We Need Relief. Now.
I think everyone here knows the Mississippi is flooding more. But you might be surprised to know that it’s the worst in 400 years. And that most of it is due to flood control projects. That’s right, flood control causes flooding. According to research published in Nature this month.
I am not surprised. I have testified three times about flooding caused by the Old River Control Complex. It discharges about 23% of the Mississippi’s flow to the Gulf at Morgan City. That’s not enough to keep the river from backing up and flooding about a million acres of batture and backwaters. The discharge rate is limited by law, not capacity. It’s a political bottleneck – 218 miles downriver that causes more flooding at Greenville.
There have been four floods since 2008 that were higher than the 1927 flood that put the Corps in charge of flood control. The current flood is third highest. It crested March 17. But it’s still 15 feet deep at my farm south of Natchez.
These floods are called hundred-year floods – but probably aren’t. Odds are about 325,000 to one against four hundred-year floods in 11 years. These floods were caused by normal variations in average rainfall – not by abnormal rains like those that caused the 1927 flood.
It seems that normal rains plus 90 years of flood control make hundred-year floods the new normal. The river is sending a message.
The 1954 Flood Control Act limited the Mississippi’s discharge at ORCC to 23% of its flow. That didn’t cause a bottleneck then. However, the flow has increased since then. By 172,000 cfs or twice the average flow of the Missouri River. The discharge rate hasn’t increased. So ORCC has become a bottleneck. A political bottleneck. It could be a relief valve.
The Mississippi was constantly meandering to find the flow path of least resistance to the Gulf in the 1950’s. It was relatively benign. It was above flood stage only one year in 10. It’s 8 of 10 now. It was 12 feet lower. What happened?
In the 60’s the Corps dammed up Old River and its steep flow path down the Atchafalaya to the Gulf. It was nature’s relief valve. The Corps replaced it with the ORCC and set the discharge at 23% of the flow.
Over time the flow increased and the river rose due to Corps projects to straighten, shorten, and channelize the river. They were supposed to speed flow to the gulf and reduce flooding. Instead, they sped flow to the bottleneck, and increased flooding.
There is another bottleneck below ORCC – a natural one. It limits the discharge to the Gulf at New Orleans. LSU’s Dr. Xu says sediments have clogged the channel there — and that another 2011 flood could cause a levee break and change the Mississippi’s course. It would be a disaster for US commerce, Baton Rouge, and New Orleans.

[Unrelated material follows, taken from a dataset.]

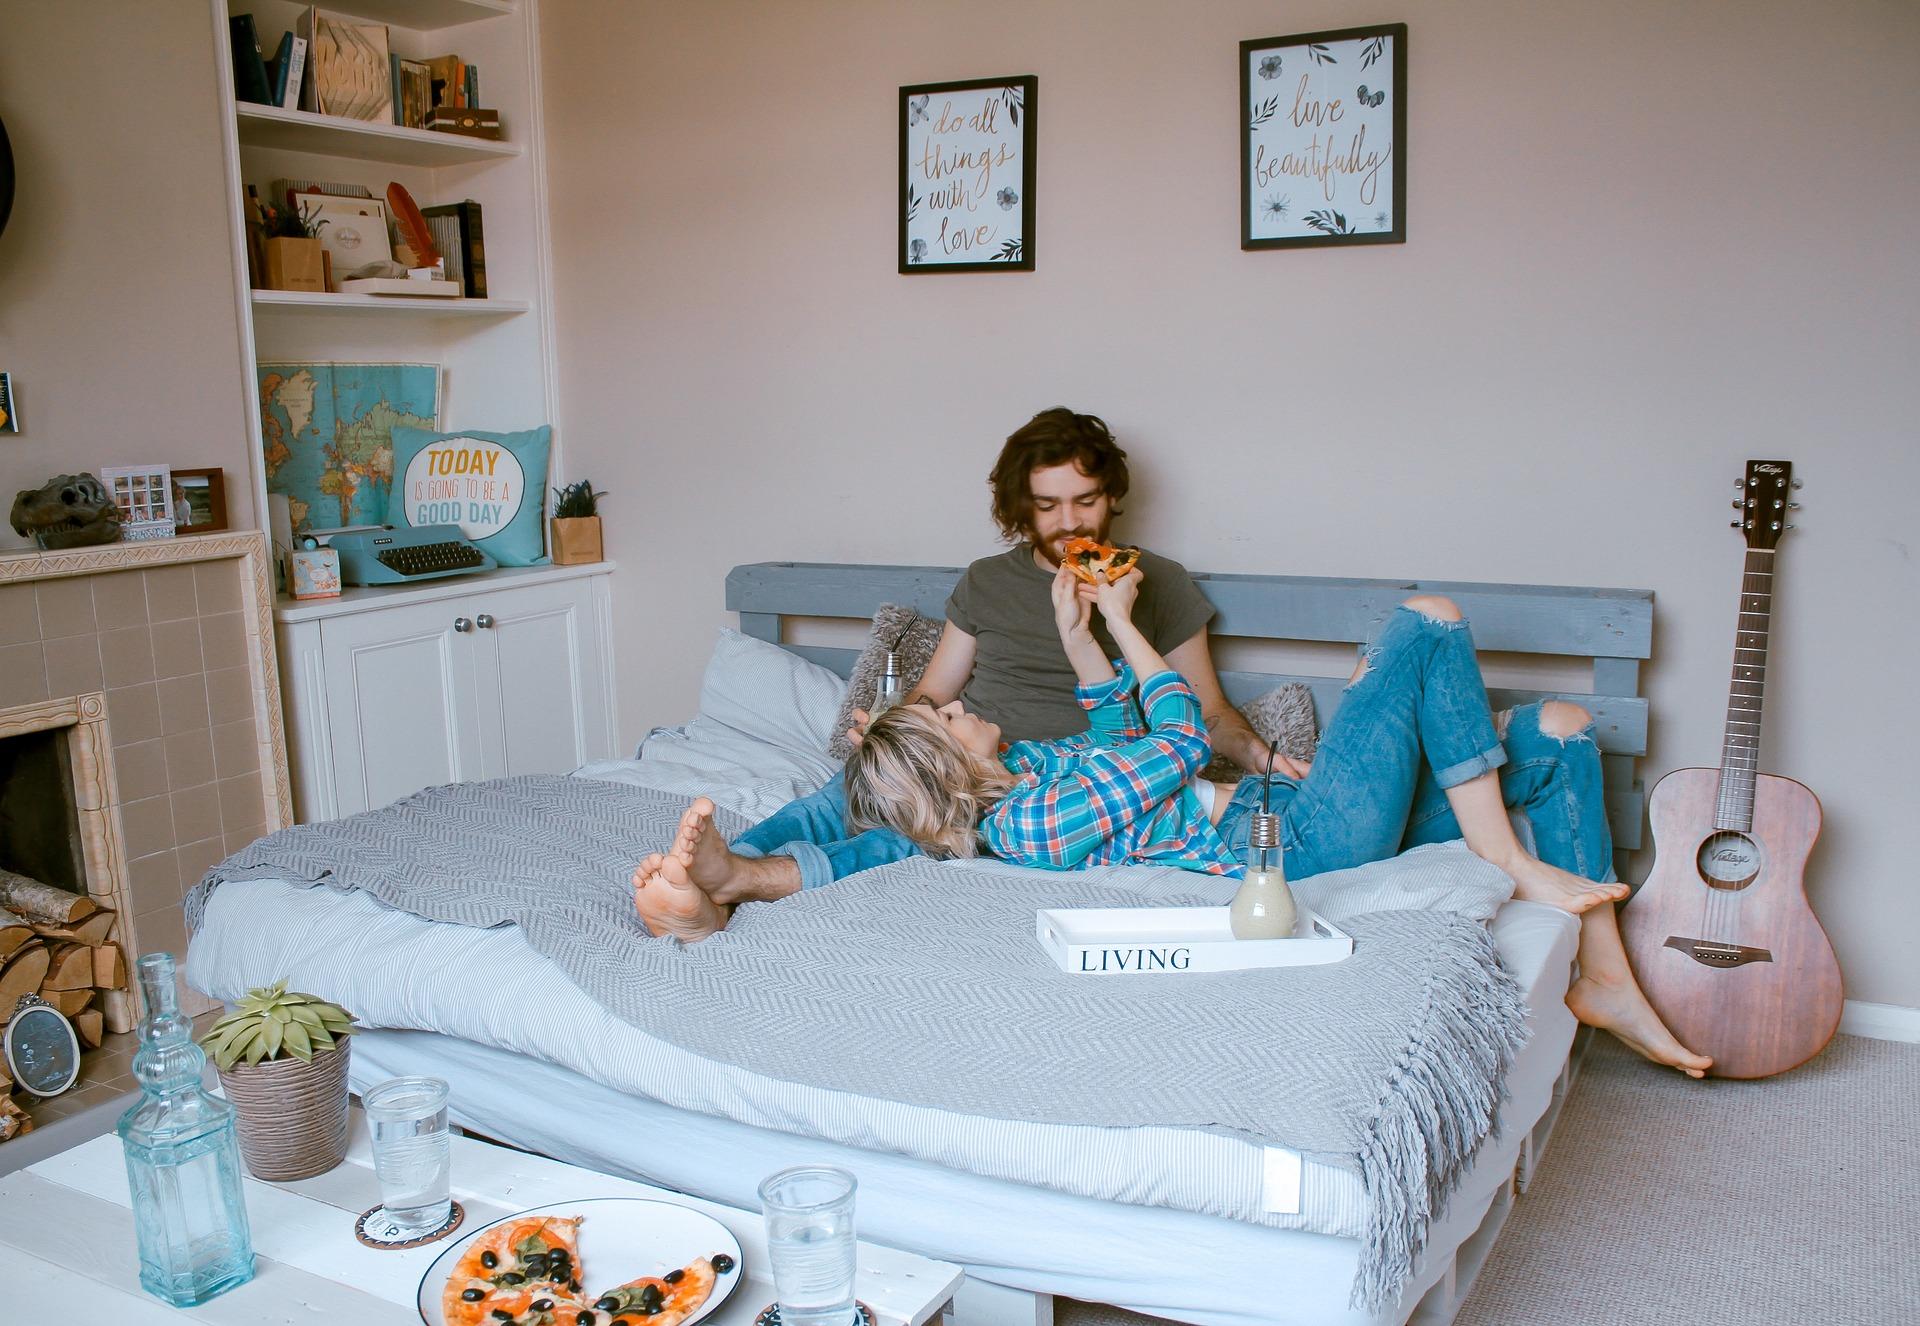 Faire chambre à part : une solution pour bien dormir ?

You can relieve both bottlenecks, decrease flooding, and the risk of disaster if you increase the discharge at ORCC. The Corps modeled the effect on the 2016 flood of increasing the discharge rate to 32%.
The discharge increased 220,000 cfs (2 ½ Missouri Rivers) and lowered the crest 8.3 feet at Baton Rouge – from 8 feet above flood stage to .3 foot below. It shortened the flood and reduced levee risk.
ORCC can discharge 50% of the Mississippi’s flow most of the time. For example, when a March rise prolonged the 2016 flood, the discharge could have been increased by 4 ½ Missouri Rivers. And farmers could have planted earlier. Let’s change the law and use ORCC’s capacity as needed to reduce flooding and risk of levee failure.
Corps experts say Congress would change the law if they said it would make the system operate better. But they say it’s operating at the optimum now. So, no need to change. But the river is sending a different message.
Flow has increased. The discharge rate hasn’t. The river has clogged up. It’s rising. Flooding is at a 400-year high. Floods take months to drain. And destroy our property and livelihoods. Mark Twain might say: “Reports of ORCC’s optimum operation are greatly exaggerated.”
I say it’s time to change the law so the Corps can use ORCC’s full capabilities as a relief valve to reduce batture and backwater flooding. And hopefully delay a course change disaster.